Bob Fischer @ 2023-06-16T14:59 (+4)

Short version: strongly agree with you about the importance of shifting the conversation from sentience to welfare ranges, but I think that the issue is basically intractable given hedonism at this juncture, as we have no reason to think that any of the states that could be mental states in AI systems are type identical to any of the states in biological organisms. It isn't intractable given other theories of welfare, though, and depending on your views about what moral weights represent, a "moral weight" for AI systems might still be available. However, we'd need a different methodology for that than the one we outline here.

Moritz Stumpe @ 2023-11-17T10:52 (+3)

Thanks and congratulations to the RP team for your work on this. This is incredibly thorough and useful!

Having looked at the whole Moral Weight Project sequence in some detail, I have some uncertainties around the following question/objection that you list above:
“Your literature review didn’t turn up many negative results. However, there are lots of proxies such that it’s implausible that many animals have them. So, your welfare range estimates are probably high.”

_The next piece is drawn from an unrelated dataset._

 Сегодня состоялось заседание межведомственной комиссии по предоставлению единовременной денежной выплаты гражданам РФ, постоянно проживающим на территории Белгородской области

In your response you write that this is a good objection.

However, as I understand it, whenever proxies were unknown, you assumed these to be zero (i.e. not present). For instance, in your methodology writeup, I read: "Assigning proxies labeled “Unknown” zero probability of being present is certainly leading to underestimates of the welfare ranges and probabilities of sentience."

Somehow I cannot square these two statements. Can you solve that seeming contradiction for me?

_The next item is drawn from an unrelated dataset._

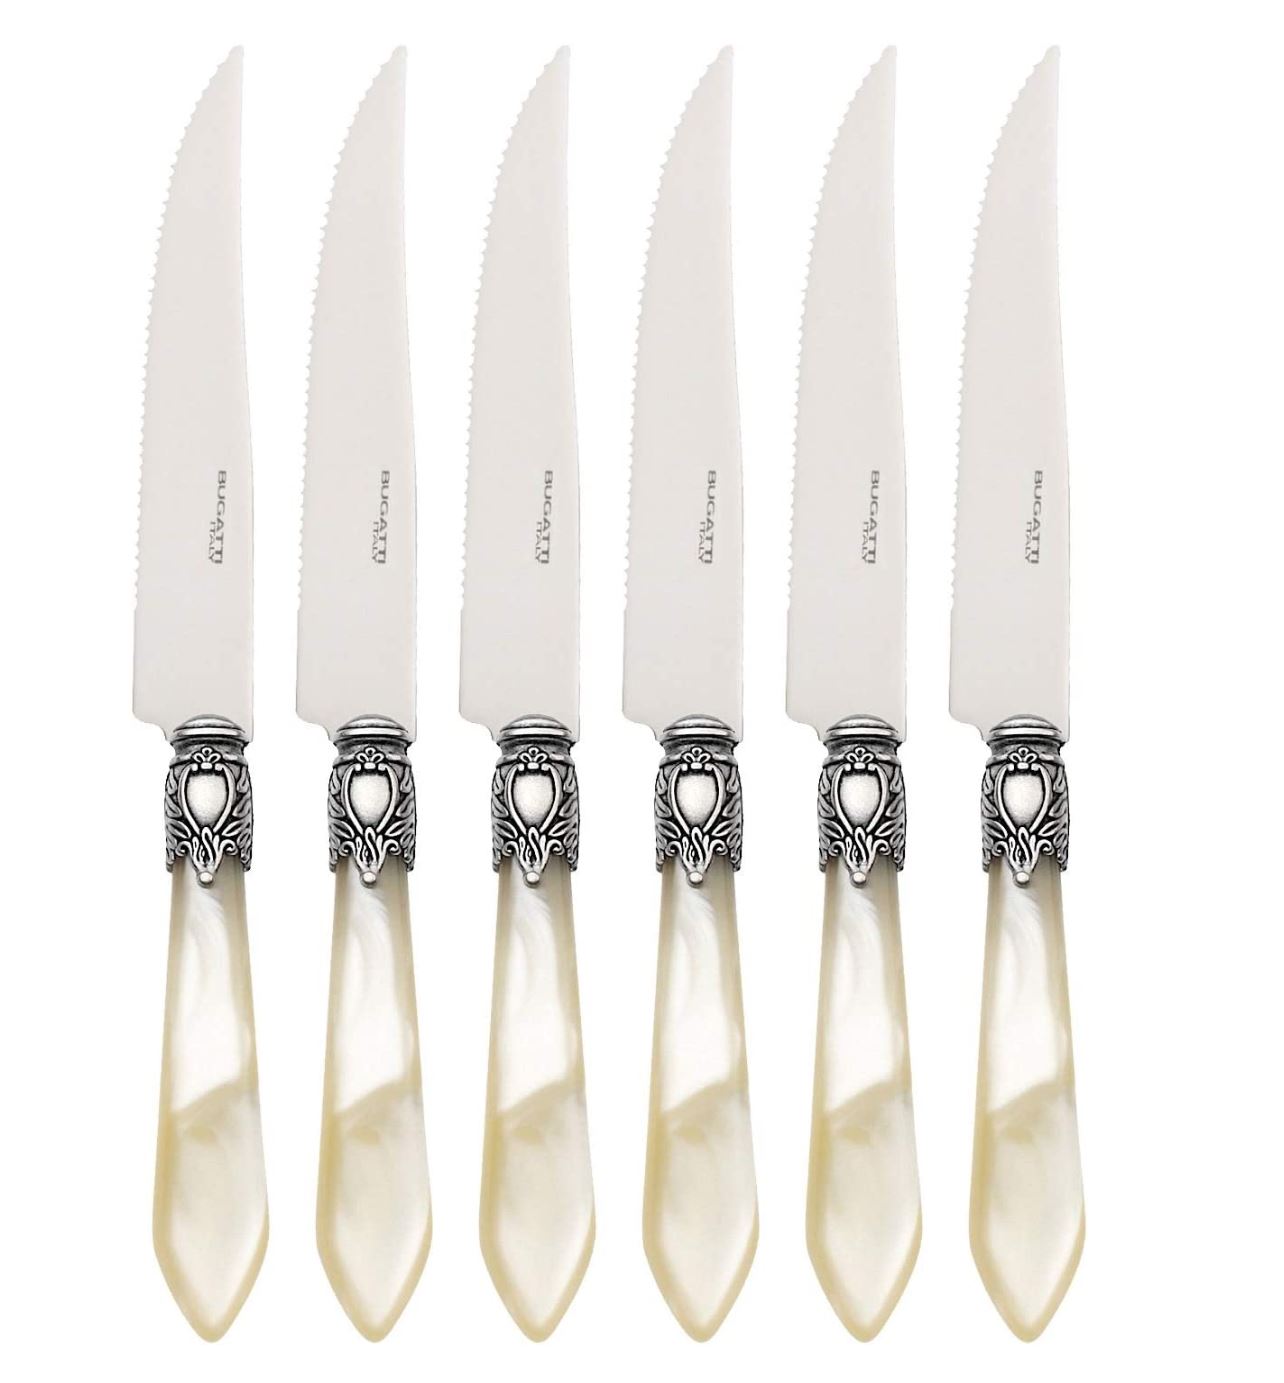 Oxford Antique Steak Knives Set - Ivory

Bob Fischer @ 2023-11-17T16:11 (+5)

Thanks for your question, Moritz. We distinguish between negative results and unknowns: the former are those where there's evidence of the absence of a trait; the latter are those where there's no evidence. We penalized species where there was evidence of the absence of a trait; we gave zero when there was no evidence. So, not having many negative results does produce higher welfare range estimates (or, if you prefer, it just reduces the gaps between the welfare range estimates).

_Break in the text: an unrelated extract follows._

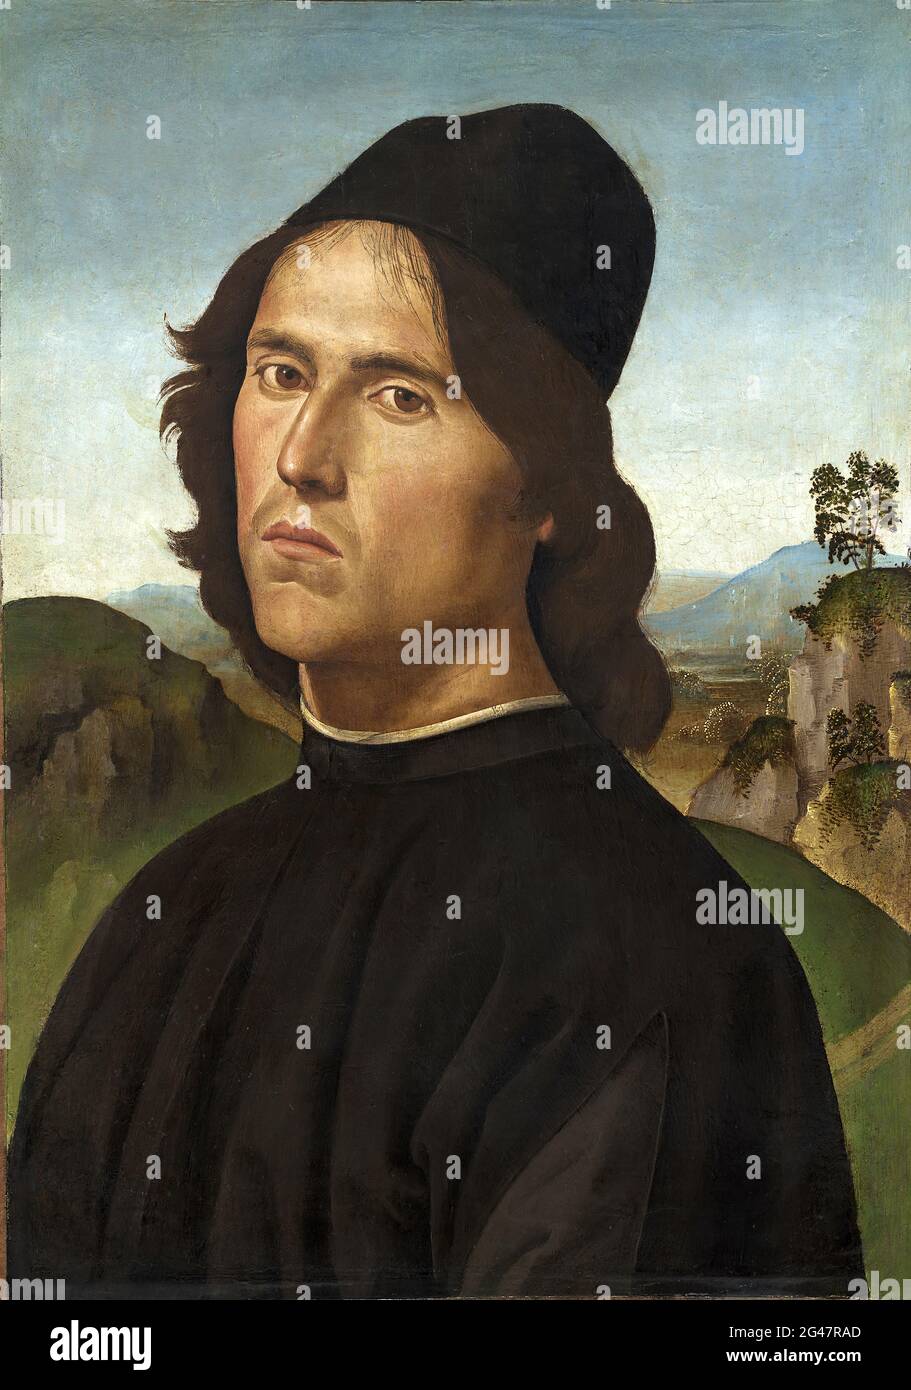 Pietro Perugino - Portrait of Lorenzo DI Credi Stock Photo - Alamy

Moritz Stumpe @ 2023-11-23T03:05 (+1)

Thanks for the explanation Bob. That absolutely makes sense! I was somehow assuming that negative results would count as zeros as well.

Finngoeslong @ 2023-02-06T10:05 (+3)

Thanks for the writeup. Not an area I know much about. Interested to hear what you think the priorities are for further research in this area. 

I liked the common questions & responses section - very helpful for someone like me who is new to this topic.

What surprised me - perhaps it shouldn't have done - is that you think it's plausible that some animals have a welfare higher than humans... 

Bob Fischer @ 2023-02-06T12:38 (+5)

Appreciate the comment!

Re: further research priorities, there are "within paradigm" priorities and "beyond paradigm" priorities. As for the former, I think the most useful thing would be a more thorough investigation of theories of valence, as I think we could significantly improve the list of proxies and our scoring / aggregation methods if we had a better sense of which theories are most promising. As for the latter, my guess is that the most useful thing would be figuring out whether, given the hierarchicalism, there are any limits at all on discounting animal welfare simply because it belongs to animals. My guess is "No," which is one of the problems with hierarchicalism, but it would be good to think this through more carefully.

Re: some animals having larger welfare ranges than humans, we don't want to rule out this possibility, but we don't actually believe it. And it's worth stressing, as we stress here, that this possibility doesn't have any radical implications on its own. It's when you combine it with other moral assumptions that you get those radical implications.

Sabs @ 2023-01-23T15:03 (+3)

so although I'm not worth only 3 chickens, the key takeaway is that I'm worth around 50 chickens, is that the deal?

Bob Fischer @ 2023-01-23T15:13 (+18)

Thanks for your question, Sabs. Short answer: if (a) you think of your value purely in terms of the amount of welfare you can generate, (b) you think about welfare in terms of the intensities of pleasures and pains, (c) you're fine with treating pleasures and pains symmetrically and aggregating them accordingly,  and (d) you ignore indirect effects of benefitting humans vs. nonhumans, then you're right about the key takeaway.  Of course, you might not want to make those assumptions! So it's really important to separate what should, in my view, be a fairly plausible empirical hypothesis--that the intensities of many animals' pleasures and pains are pretty similar to the intensities of humans' pleasures and pains--from all the philosophical assumptions that allow us to move from that fairly plausible empirical hypothesis to a highly controversial philosophical conclusion about how much you matter.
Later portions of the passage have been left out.